First things first. If you haven’t been able to make 1% per month for at least 6 months running on no leverage then your prospect of doubling your money is slim to none. In order to really “gun it” in FX you need to have well designed day trading system that has stood the test of time under real market conditions.

But if you can upload your results to myfxbook and can show to yourself that you managed to eke out 1% a month for 6 months or more then you have a chance to take your trading to the next level. But not before you do, you need accept a very important fact. In your quest to double your money you must be fully prepared to lose 50% as part of the process. That’s simply the basic math of trading. The best traders in the world have a runup to drawdown ratio of 2 to 1 so that if you realistically look to make 100% on you money then you have to prepare to lose 50% in the pursuit of that target. In short doubling your money is a strategy to employ only with high risk capital, but since many of us in FX are comfortable with such risks here is a couple of ways to make it happen.

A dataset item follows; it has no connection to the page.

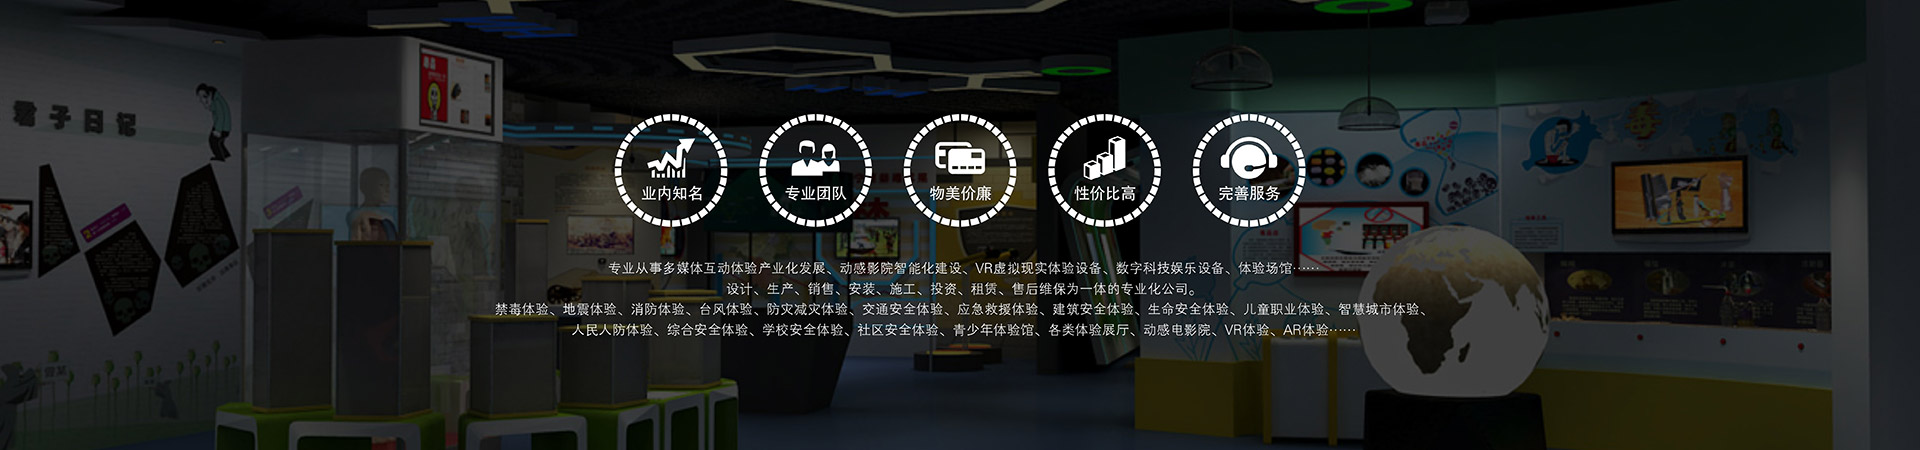 模拟安全VR赛车体验模拟安全VR加特林模拟安全禁毒互动点播系统模拟安全环幕4D动感影院系统模拟安全触摸屏互动系统

Theoretically it may be possible to achieve these results via swing trading, but since I focus squarely on day trading let’s just use that approach in our discussion. Day trading first, foremost and always means small profits and short stops. It’s all about controlling risk, which is why if you haven’t been able to prove to yourself that you can consistently cut your losses you will never be able to double your money. If you managed to produce 1% per month on a non levered basis (meaning that every trade you make is no greater than the value of your account i.e. a 10,000 unit trade in a 10,000 USD account) then the path towards 100% is relatively straightforward. You simply increase your lever factor to 10:1 and if you can replicate your prior success then you will achieve 10%/month or more 100% per year.

Of course that’s easier said than done. First and foremost such high leverage approach should be done in what I call one shot/one kill manner. Ideally you should trade only one currency pair, no more than two times per day with a single entry/single exit approach. Let’s say you make 20 trades per month and each trade has a -20 pip stop and a +10 pip target and 80% win factor. Basically every time you trade in this manner you risk 2% loss to win 1% and if you are successful 8 out of 10 times at the end of the month you made 8% which will get you very close to doubling your money by the end of the year. If you were even more aggressive you could increase the lever factor to 15:1 risking 3% on each trade with 1.5% payoff on each win for a target of making 12% a month. But that would be the absolute maximum level of prudent leverage. At 3% risk per trade you would be down by 15% after 5 consecutive losers -- something that can easily occur several times a year even in the highest probability strategies.

If you simply can’t trade in the one shot/one kill manner, if you have to approach each trade in a more probabilistic fashion doing multiple entries in order to achieve a better price for an exit (what I facetiously call the “spray and pray” method) then you have to use a very different leverage scheme. Suppose you use a system that averages into a trade a maximum of three times. Under such conditions you really can’t level more than 1:1 on each trade. That’s because your total lever factor on each full position is actually 3:1 and your total risk reward becomes much more negatively skewed. In the same -20 Stop +10 Target structure with a 3 point entry at 5 pip interval your loss is always a max loss of -45 pips while the gains vary between +10 and +15 pips creating a risk reward skew that is 3:1 rather than the 2:1 of the single entry/exit method. Still some traders swear by the “spray and pray” approach, but if they want to use it to double their money they have to be extra vigilant about leverage and stops.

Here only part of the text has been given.